= 2022 Mohali blast =

Terrorist attack in Mohali, India

The 2022 Mohali blast was a rocket-propelled grenade attack on the intelligence wing headquarters of the Punjab Police situated in Mohali, Punjab, India. The attack was committed on 10 May 2022.

== Background ==

=== Explosives found in Chandigarh ===
On 24 April 2022, Police found a bag containing explosives near the Chandigarh's Burail Jail. The bomb disposal squad of National Security Guard (NSG) was rushed in to defuse the bomb.

=== Khalistan Flags ===
On 9 May 2022, the main gate of the Himachal Pradesh Assembly complex were found to be tied with Khalistani flags. The walls of the complex were also scrawled with slogans. Later that evening, DGP Sanjay Kundu directed all senior police officers “to seal all inter-state borders and keep strict vigil at the places of probable hideouts” of the miscreants. The senior officials were also directed to keep the special security units, bomb disposal squads and quick reaction teams on high alert and “strengthen the security of dams, railway stations, bus stands, government buildings and vital installations”. He also cited the threat posed by the outlawed Sikhs for Justice announcing 6 June as voting date for Khalistan Referendum in Himachal Pradesh. Banned outfit Sikhs For Justice claimed the responsibility of raising the flags.

== Incident ==
The explosion was heard at 7:45 PM on the police building in the sector 77, Mohali.

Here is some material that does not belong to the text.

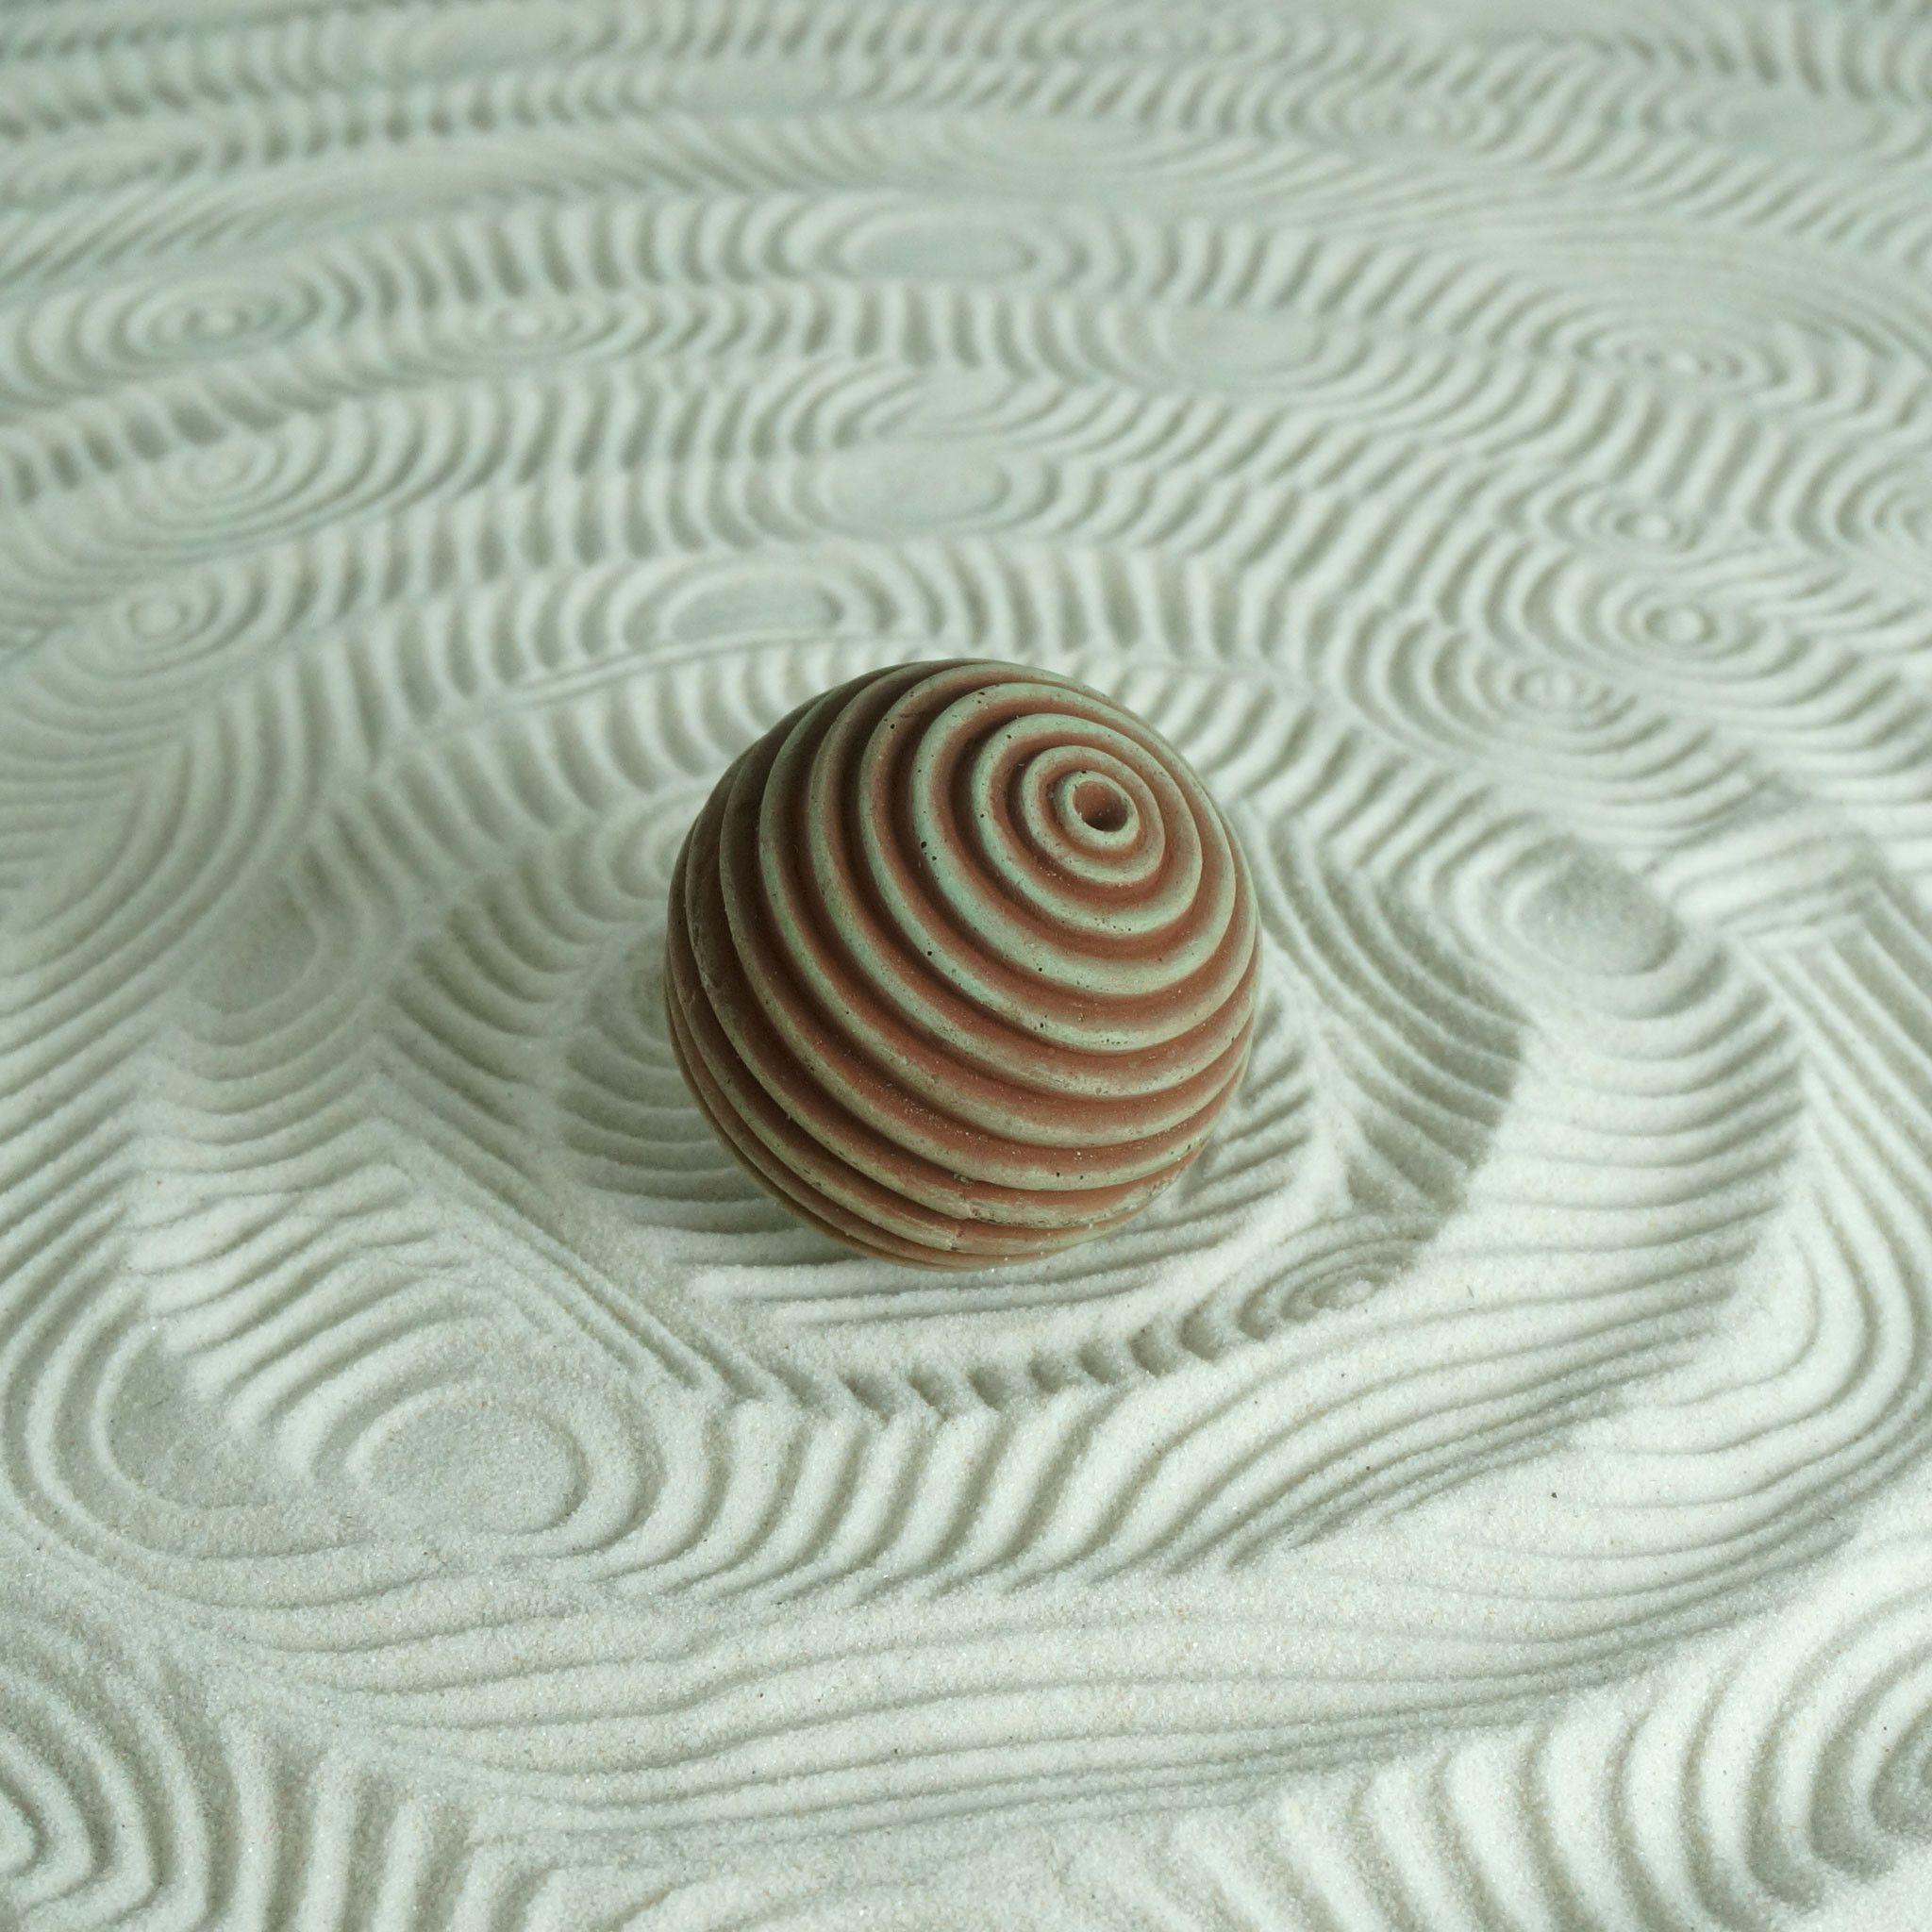 Textured Zen Garden Ball Medium Lines Design Zen Garden

As per the police briefing,“A minor explosion was reported at the Punjab Police Intelligence Headquarters in sector 77, SAS Nagar at around 7.45 PM. No damage has been reported. Senior officers are on the spot and an investigation is being done. Forensic teams have been called.Hours after the blast on intelligence department of Punjab police, another blast of low intensity was reported in Mohali.

== Aftermath ==
Pakistan was suspected of aiding the terrorists and multiple people were detained.

== Reactions ==
Indian National Congress told the chief minister of Punjab to set their priorities right.